{mon top 3} Amaya et Kalinka

Je suis une grande fan de Vision Equine depuis longtemps déjà. J’aime l’approche à la fois réfléchie et pleine de fraîcheur d’Amaya avec sa jument Kalinka. Je me délecte chaque fois qu’un nouvel article paraît, qu’il s’agisse de réflexions sur la relation entre l’homme et le cheval, compte-rendu de livres, d’expérimentation de matériel ou d’astucieux bricolages. Et je ne sais pas vous, mais moi, ses photos me font fondre (tout particulièrement celles qui se trouvent à la fin de l’article).

J’ai souhaité axer mon top 3 sur ce qui m’a permis d’améliorer considérablement ma relation avec ma petite jument, Kalinka.

Le clicker (l’inespéré)

kalinka_clicker_2Ce petit boitier qui émet un son bref pour signifier au cheval qu’il a bien fait (et les carottes qui vont inévitablement avec) m’a sauvé la mise il y a quelques mois. Pourtant, je ne l’espérais plus, ayant essuyé un bel échec plusieurs mois auparavant.

Quand j’ai récupéré Kalinka, elle était enfermée dans son monde et absolument rien ne la motivait. J’étais clairement le boulet qui venait l’embêter.

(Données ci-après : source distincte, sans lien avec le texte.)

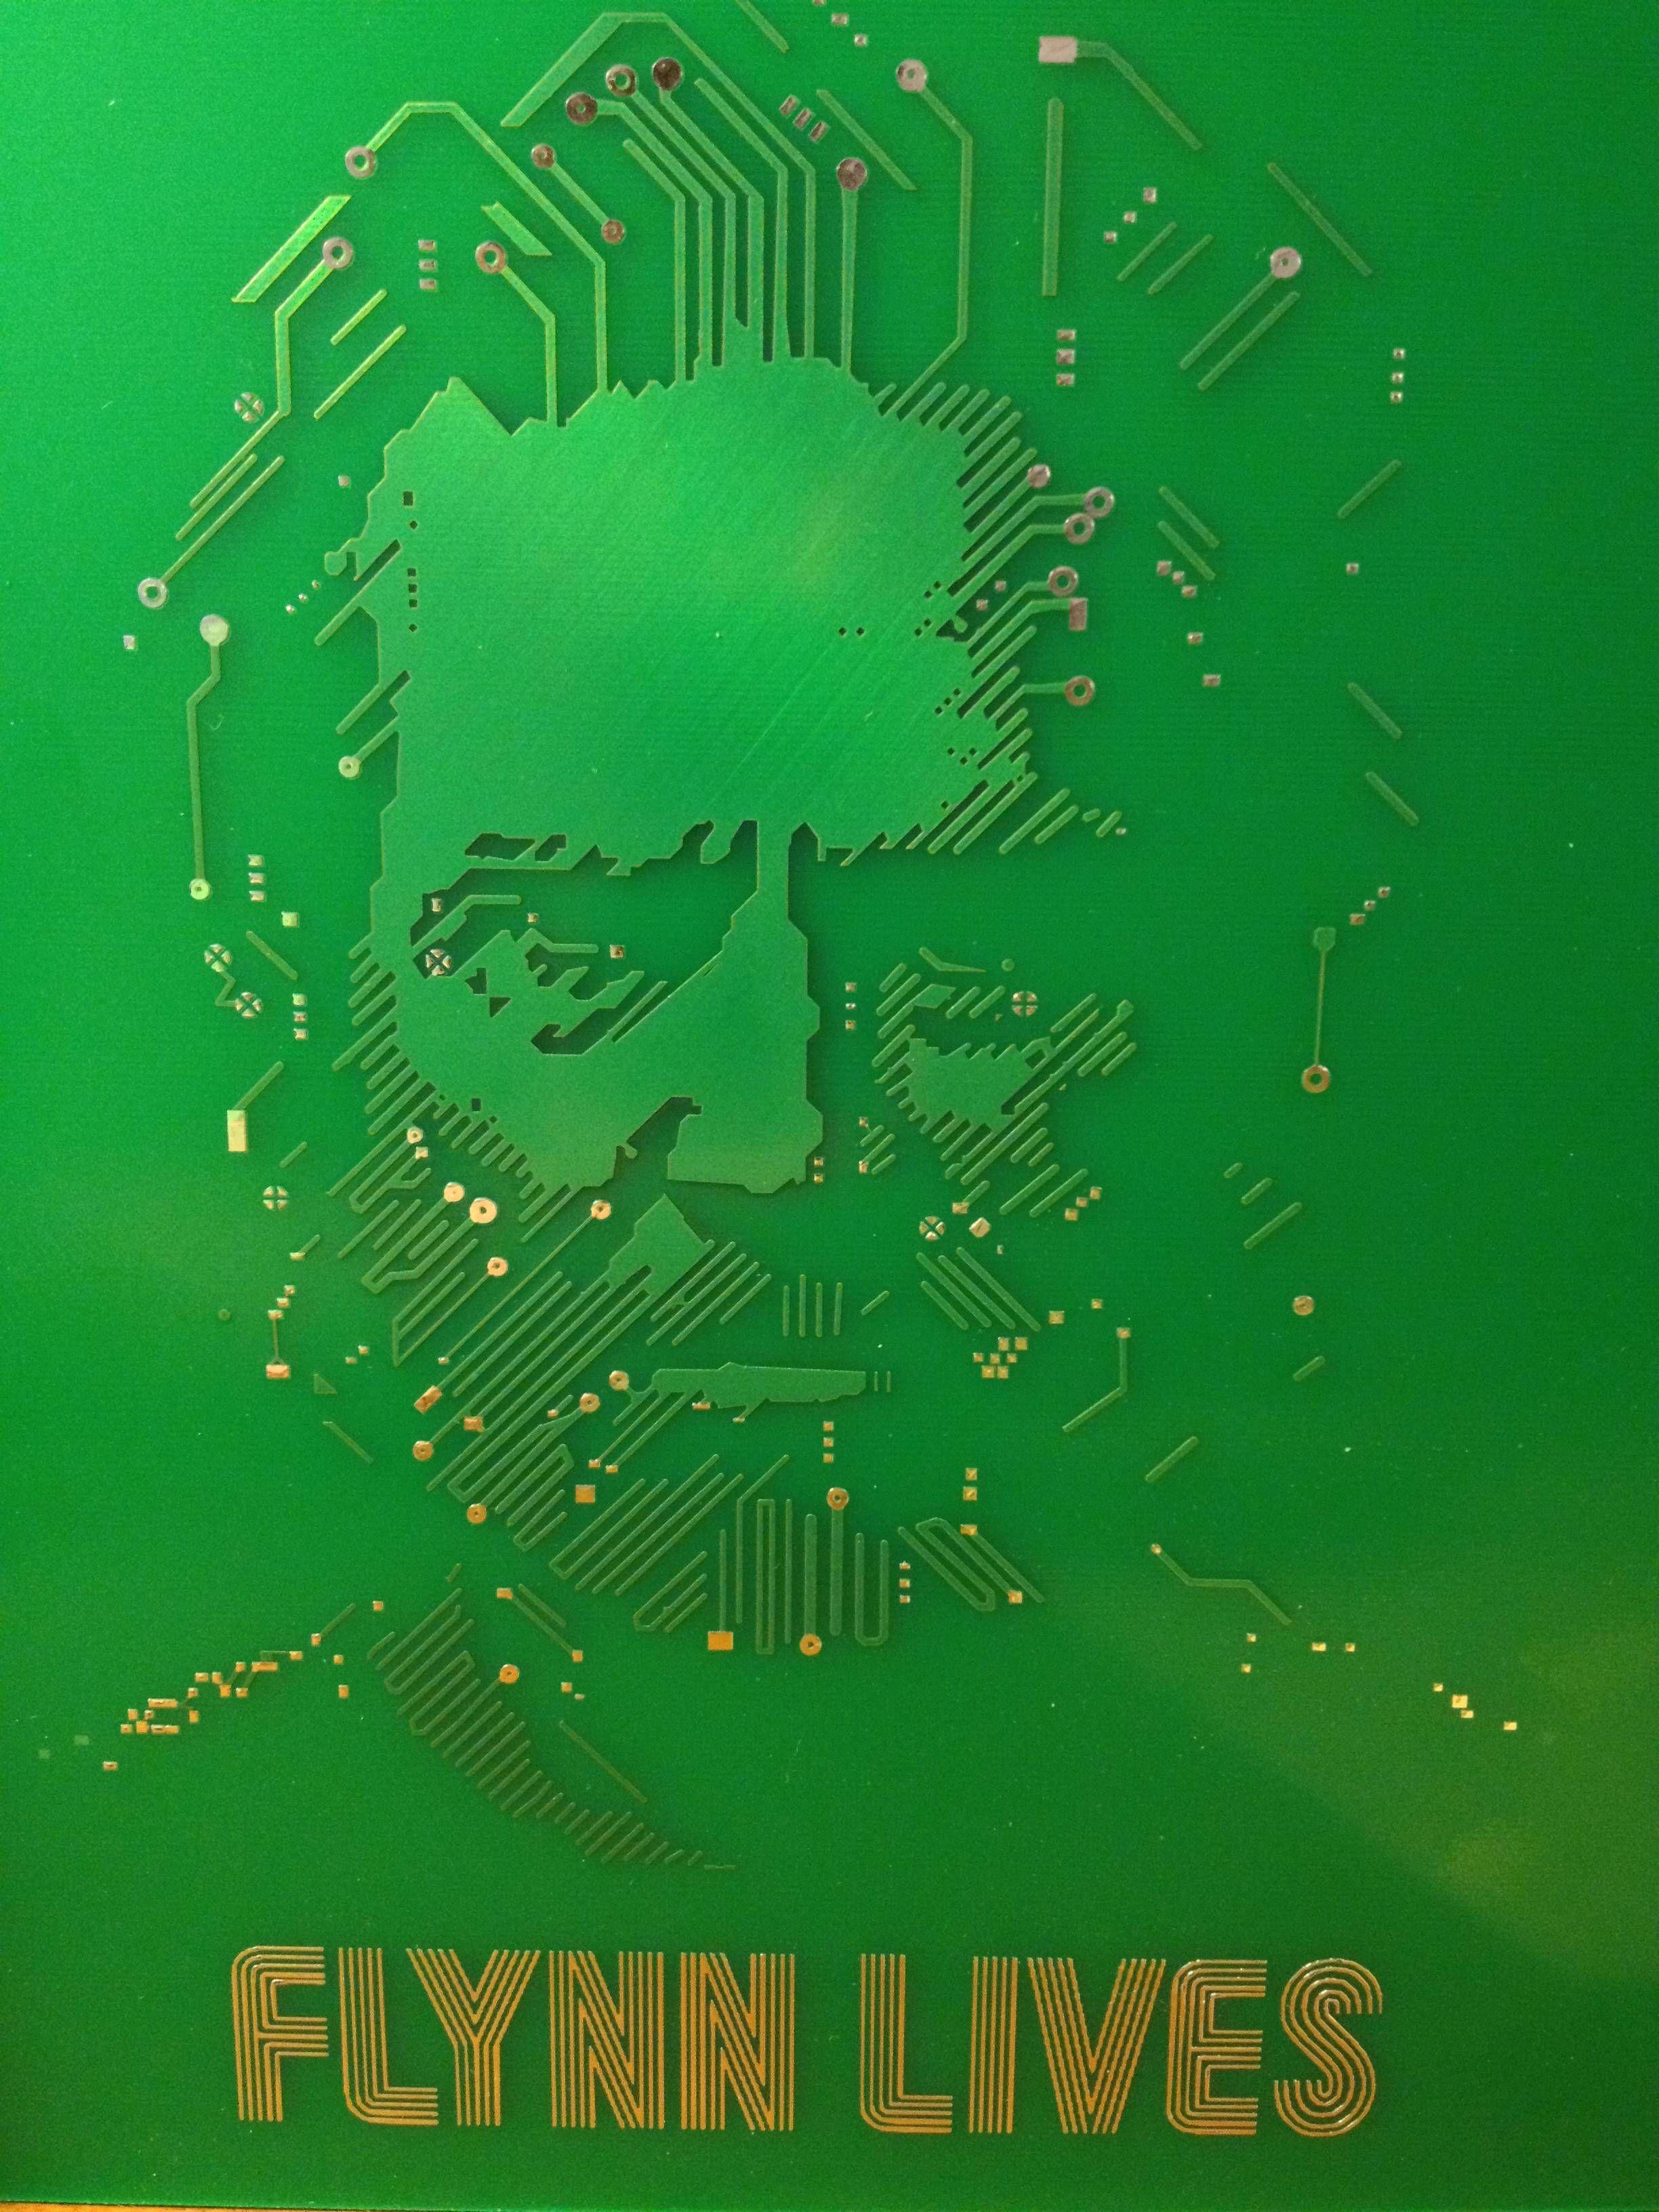 Flynn Lives PCB | Printed circuit board, Circuits and Generators

Mon moral s’est effrité au fil du temps, à force de « l’obliger » à se bouger un peu (j’entends par là des balades, essentiellement).

Puis un jour, je ramène un nouveau clicker chez Kalinka (elle avait peur du précédent boîtier, rien à faire, j’étais désespérée, persuadée pourtant que c’était ce qu’il nous fallait, j’en ai donc trouvé un à son variable). Immédiatement, des yeux qui pétillent et une envie retrouvée pour faire des choses. Je la surprends même à prendre des initiatives et à me faire des propositions lors de nos séances.

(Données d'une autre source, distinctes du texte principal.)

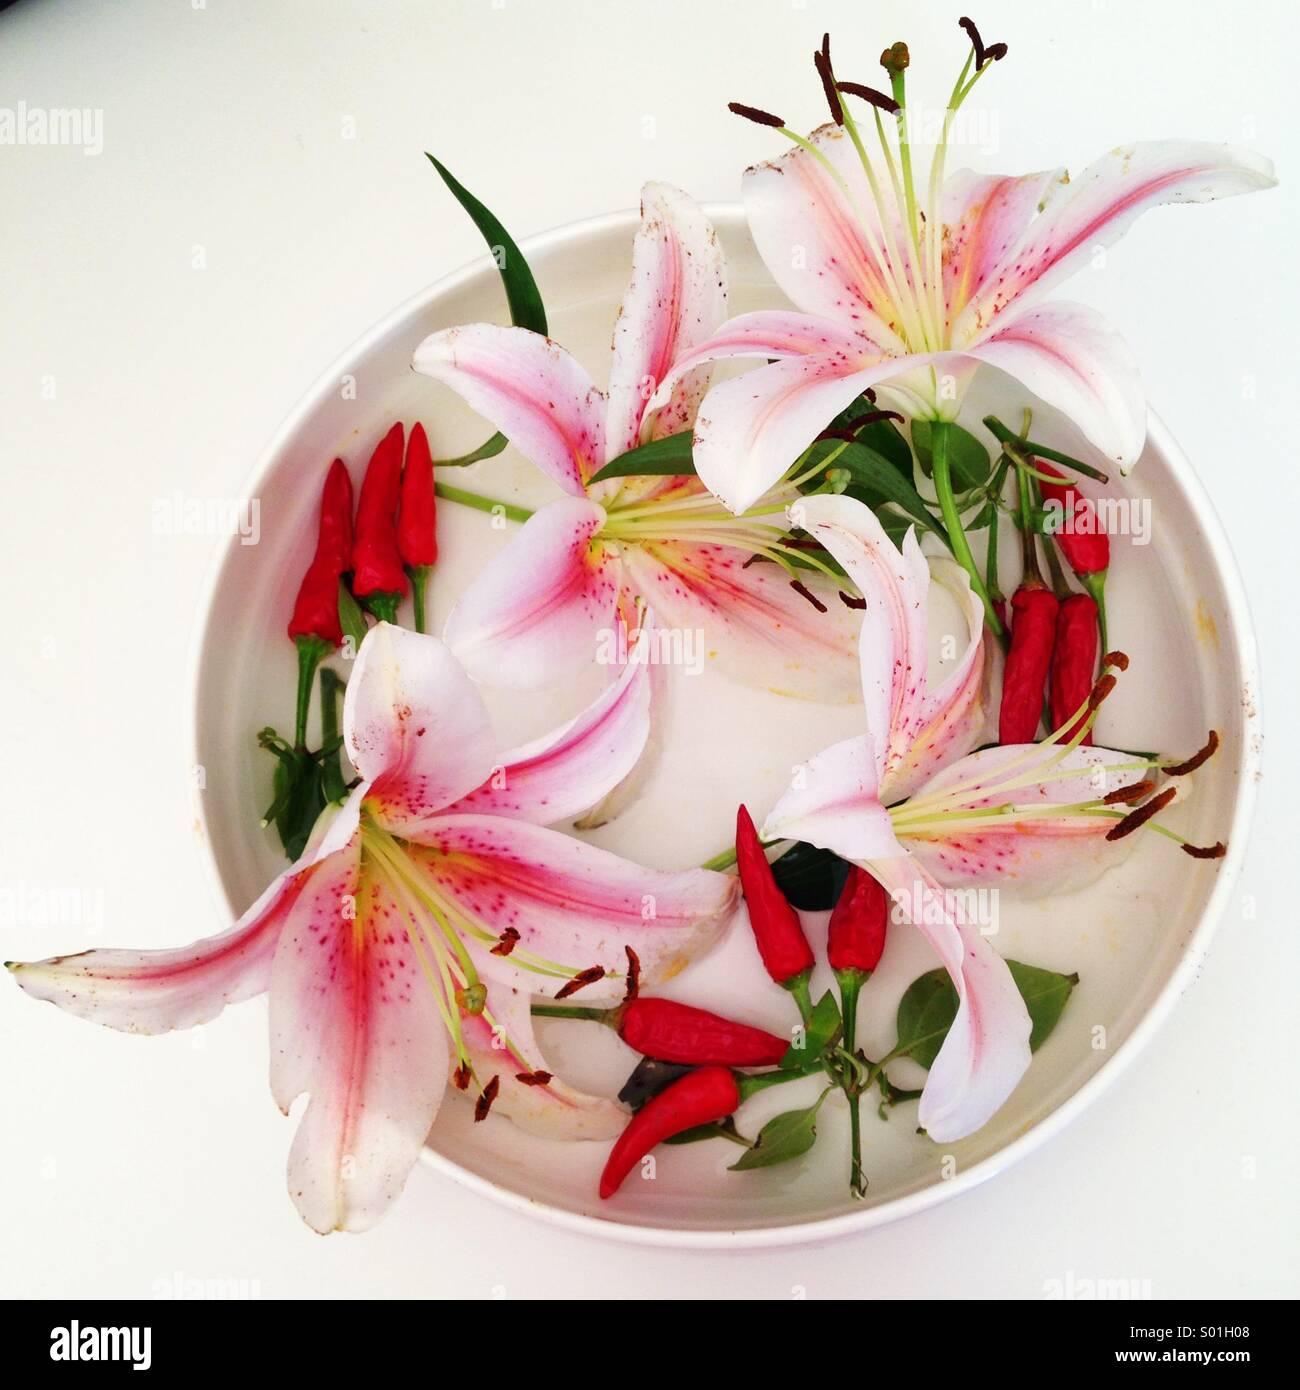 Lilien und Chillies Blume Display in kreisförmige weiße Porzellanschale Stockbild

Nous sommes désormais des partenaires, je n’ai plus besoin de la traîner lors de nos activités, elle me suit de bon cœur dans nos aventures, même quand les friandises ne sont pas dans les parages. Le clicker a représenté pour elle une porte de sortie de son monde à elle pour que l’on puisse partager de merveilleux instants.

Le side-pull (le tant attendu)

J’ai toujours rêvé de pouvoir jeter à la poubelle le mors. Mais Kalinka étant dans sa bulle (avant l’épisode du clicker), lorsque j’étais en selle, il n’y avait plus rien qui passait entre nous. Elle avançait tête baissée, et moi je devenais inexistante.

Un peu effrayant par moment, de me savoir sur un animal qui n’en a pas grand-chose à faire de mon avis. Elle a toujours été calme, mais quand elle décidait de partir là-bas plutôt qu’ailleurs, difficile de lui faire entendre raison, surtout au trot ou au galop.

Du jour au lendemain on enlève le mors (nous étions encadrées tout de même). On commence en licol en corde, faute d’avoir autre chose. Mais Kalinka s’appuie clairement dessus, et impossible de faire quoi que ce soit, elle garde ses vieux réflexes. Je me mets immédiatement à la recherche d’une autre ennasure.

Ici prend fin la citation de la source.